Problem to work on: Set down exact lines only, from the line with "The Weekend Leader" through the last line of the material below, with every picture left out.

Data excerpt:
______

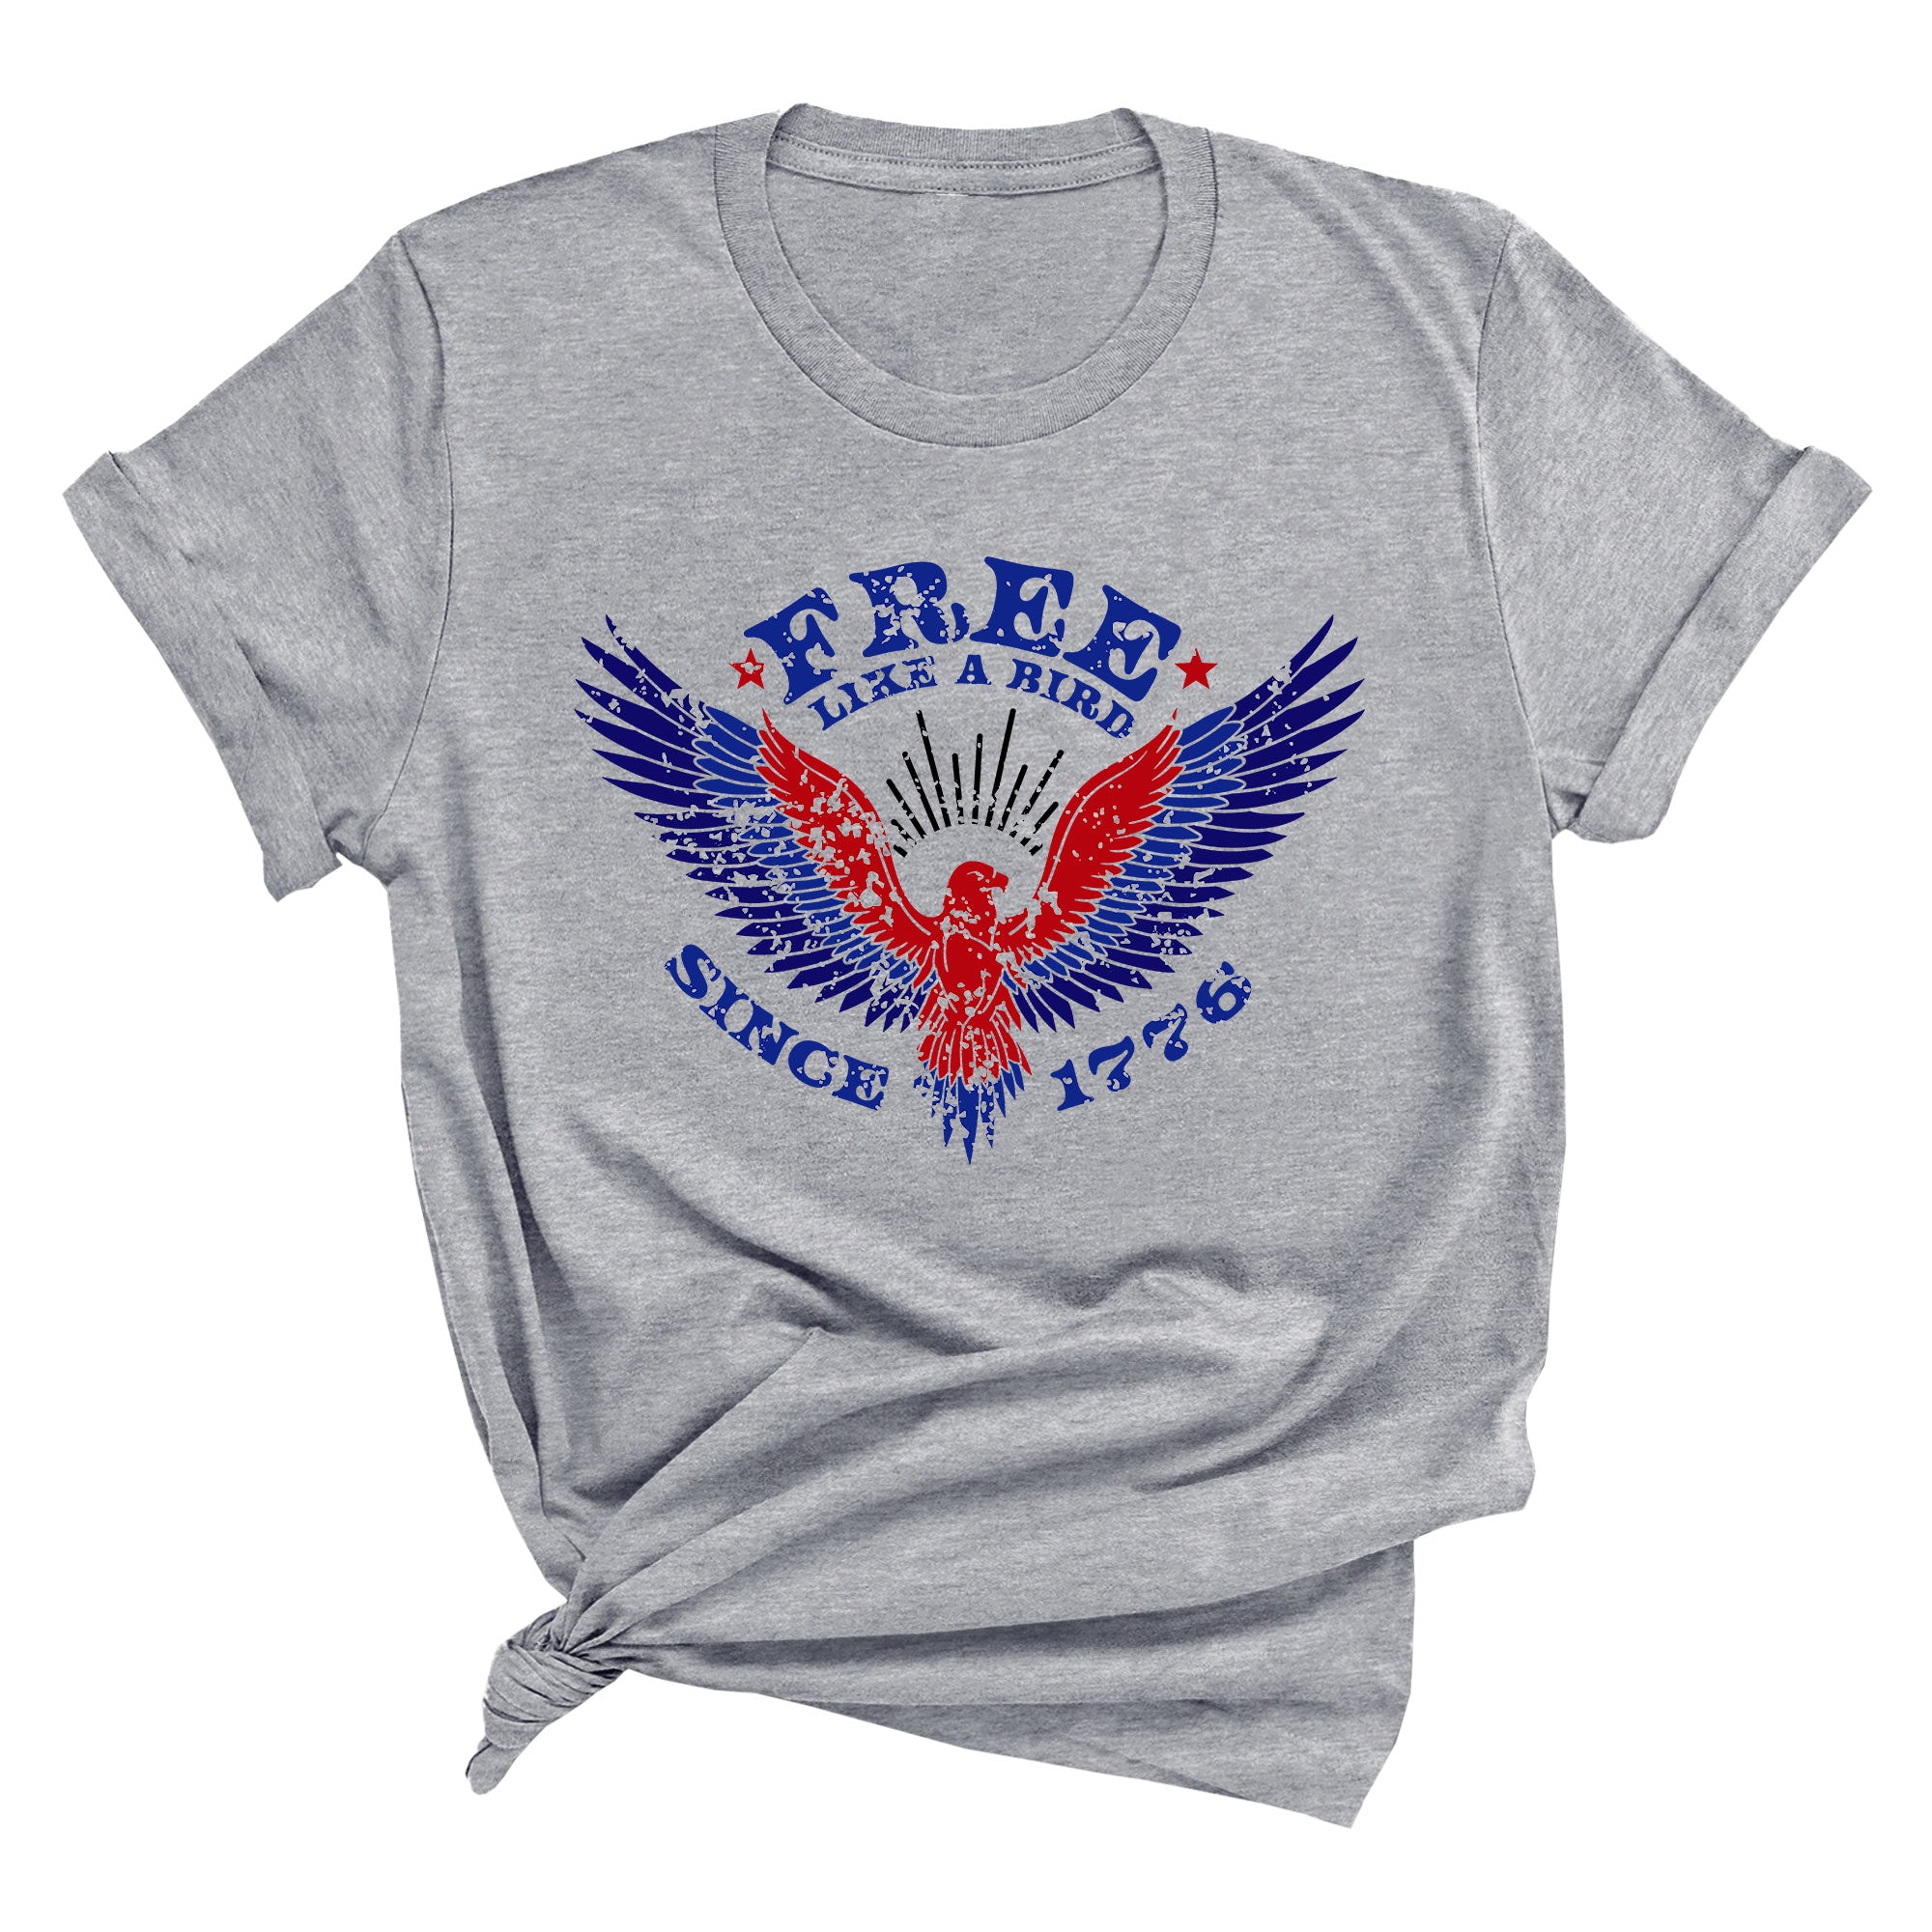 Free Like a Bird Since 1776 Premium Unisex T-Shirt
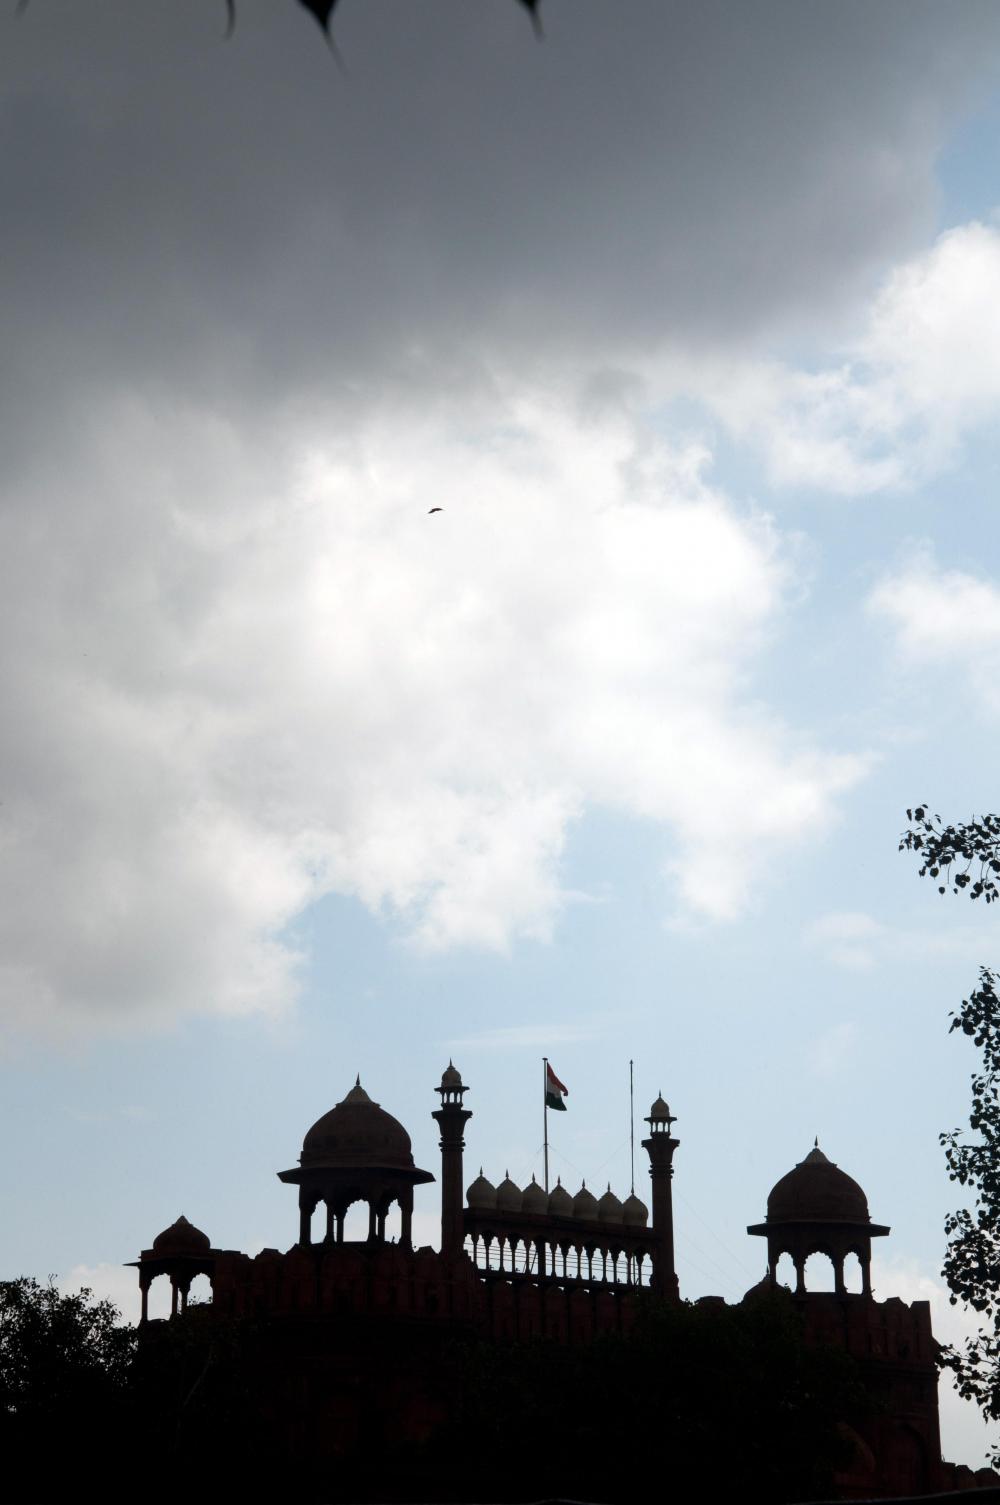 The Weekend Leader - Cloudy sky over Delhi, light rain expected
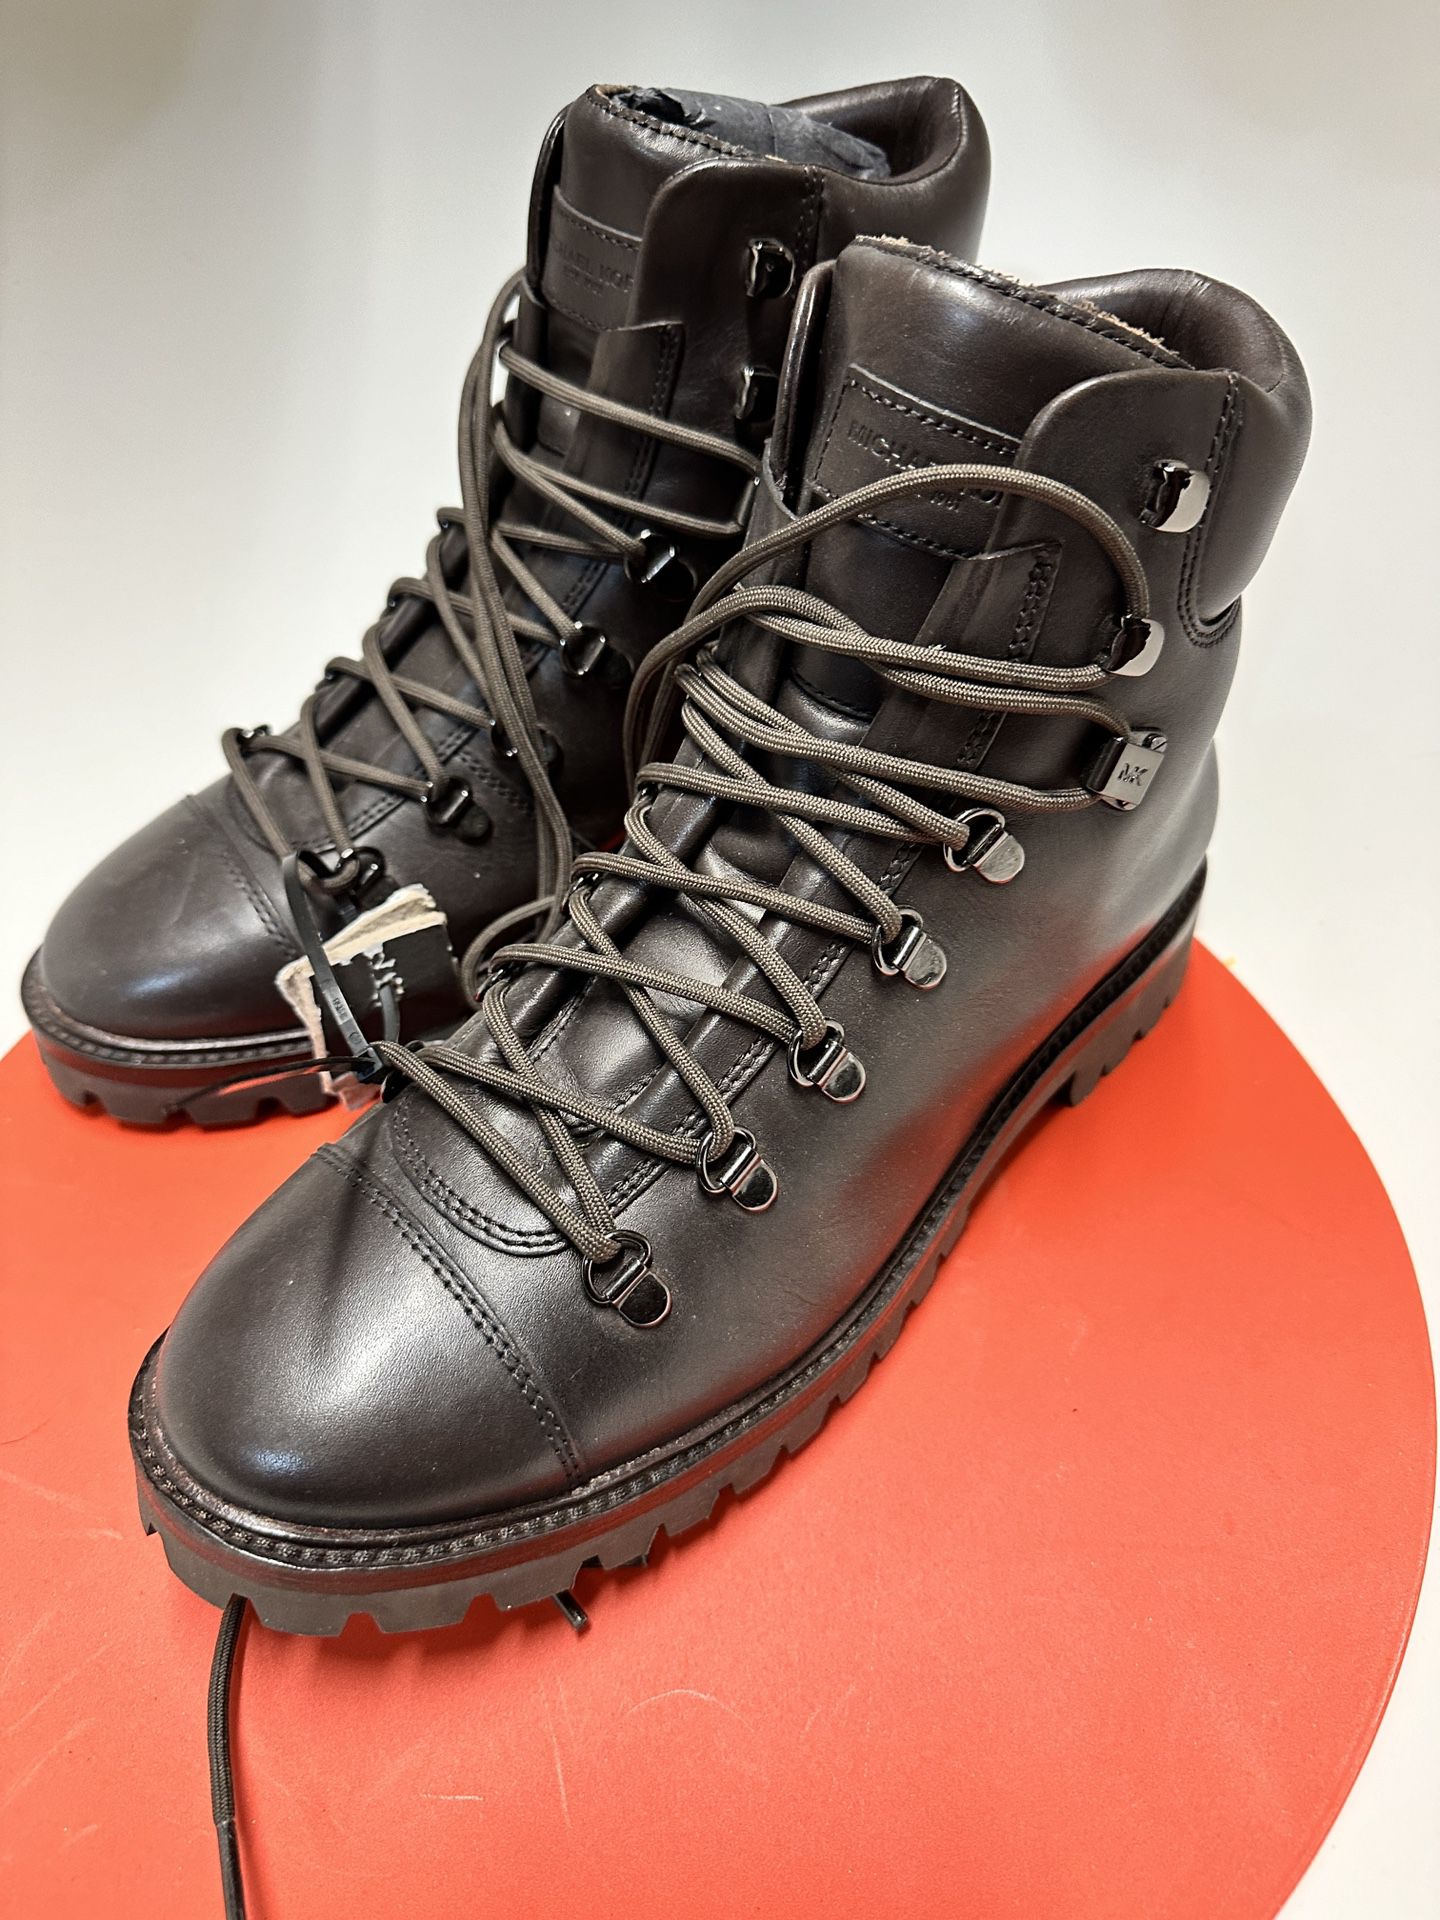 Michael Kors Lance Hiking Boots Sz 8.5

______

Output for this exercise:
 The Weekend Leader - Cloudy sky over Delhi, light rain expected
 Michael Kors Lance Hiking Boots Sz 8.5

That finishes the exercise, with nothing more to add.